The PR is now functionally ready, however some changes may need to be made depending on the answers to the following questions:

  1. Is sending the template data with every response that may need to be translated in the frontend acceptable? That was a shortcut intended to achieve the desired functionality with the least effort and will also simplify fixing #1028.
  2. Is it OK that translation data is also embedded into error responses that are not currently expected to be displayed by the viewer (e.g. responses to invalid requests to /catalog, /raw, /suggest, etc, endpoints)?
kelson42 commented 5 months ago

@mgautierfr Review please?

mgautierfr commented 5 months ago

Is sending the template data with every response that may need to be translated in the frontend acceptable? That was a shortcut intended to achieve the desired functionality with the least effort and will also simplify fixing https://github.com/kiwix/libkiwix/issues/1028.
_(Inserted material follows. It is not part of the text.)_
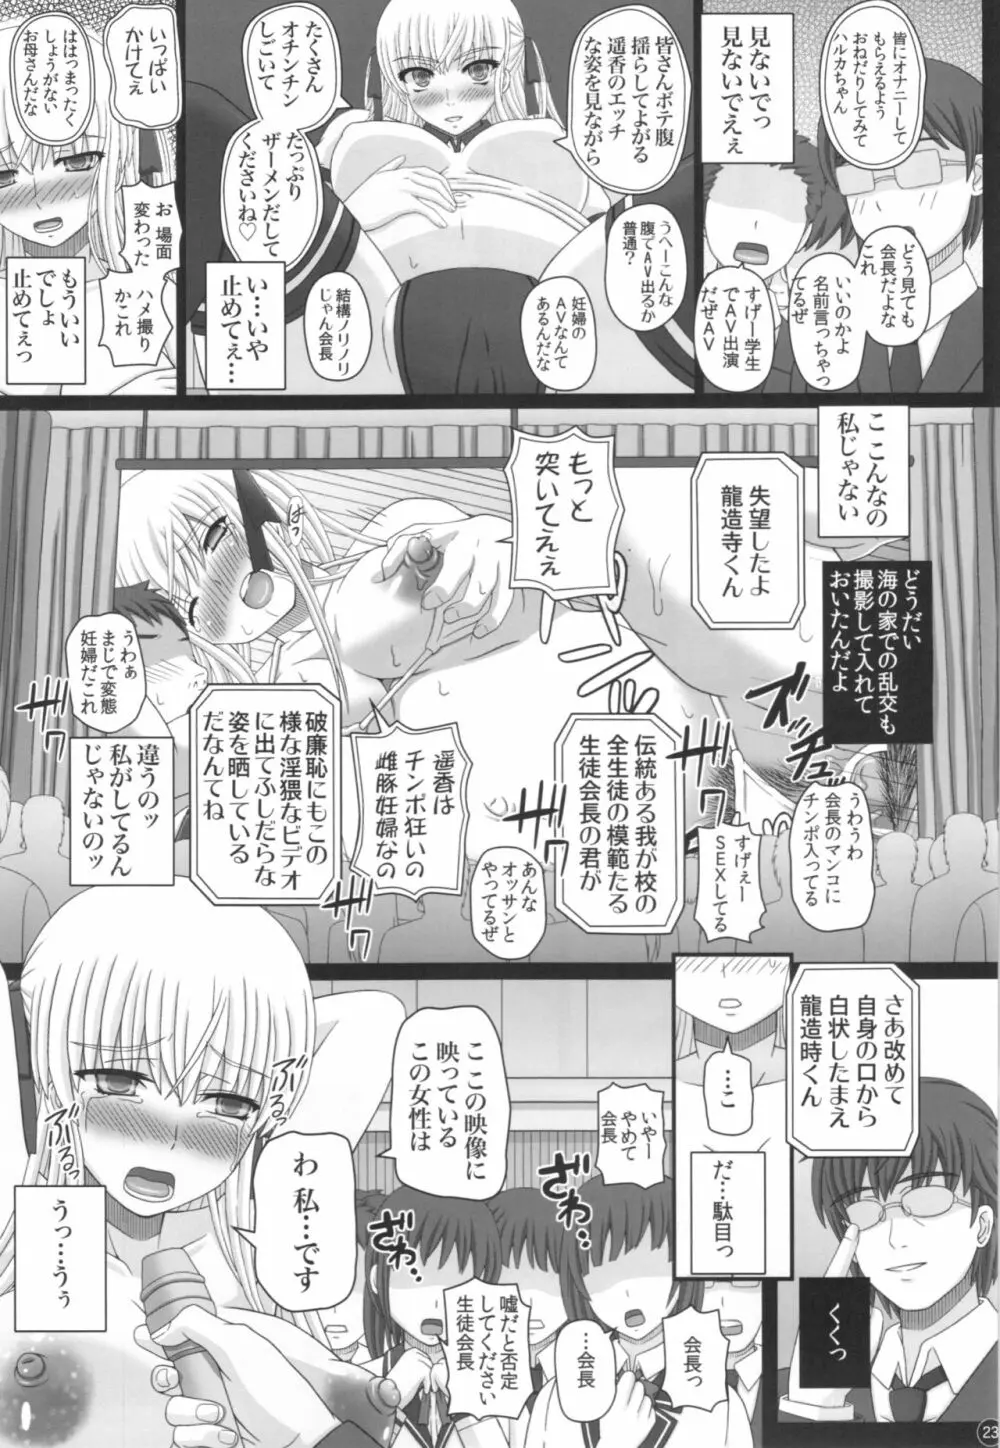 Katashibu 40-shuu 23ページ

I think we are good on this. We may in the future introduce a endpoint error_template to get the template from an error code (and giving this error code in the response) but for now, we can go without it. Template is a not of data, and it send only for error.

Is it OK that translation data is also embedded into error responses that are not currently expected to be displayed by the viewer (e.g. responses to invalid requests to /catalog, /raw, /suggest, etc, endpoints)?

Yes also here. This double the error response size, but error response are pretty small and it is only for error, so pretty rare.

Also, the test cases against vulnerabilities in kiwix-serve seem to suggest that KIWIX_RESPONSE_DATA should be HTML-encoded too.

I totally agree.

veloman-yunkan commented 5 months ago

Also, the test cases against vulnerabilities in kiwix-serve seem to suggest that KIWIX_RESPONSE_DATA should be HTML-encoded too.

I totally agree.

@mgautierfr You better had objected in this case :smiley: . I figured out that the issue is rather an edge case and provided a simpler fix.

mgautierfr commented 5 months ago

@mgautierfr You better had objected in this case 😃 . I figured out that the issue is rather an edge case and provided a simpler fix.

I had missed that, your comment opens my eyes.


We are good (I've just rebase-fixup)

veloman-yunkan commented 5 months ago

(I've just rebase-fixup)

Thank you. Note, however, that one of the fixup commits implied (and that was stated in its commit message) that the description of the commit-to-be-amended had to be corrected too. I have now added that information as a commit comment.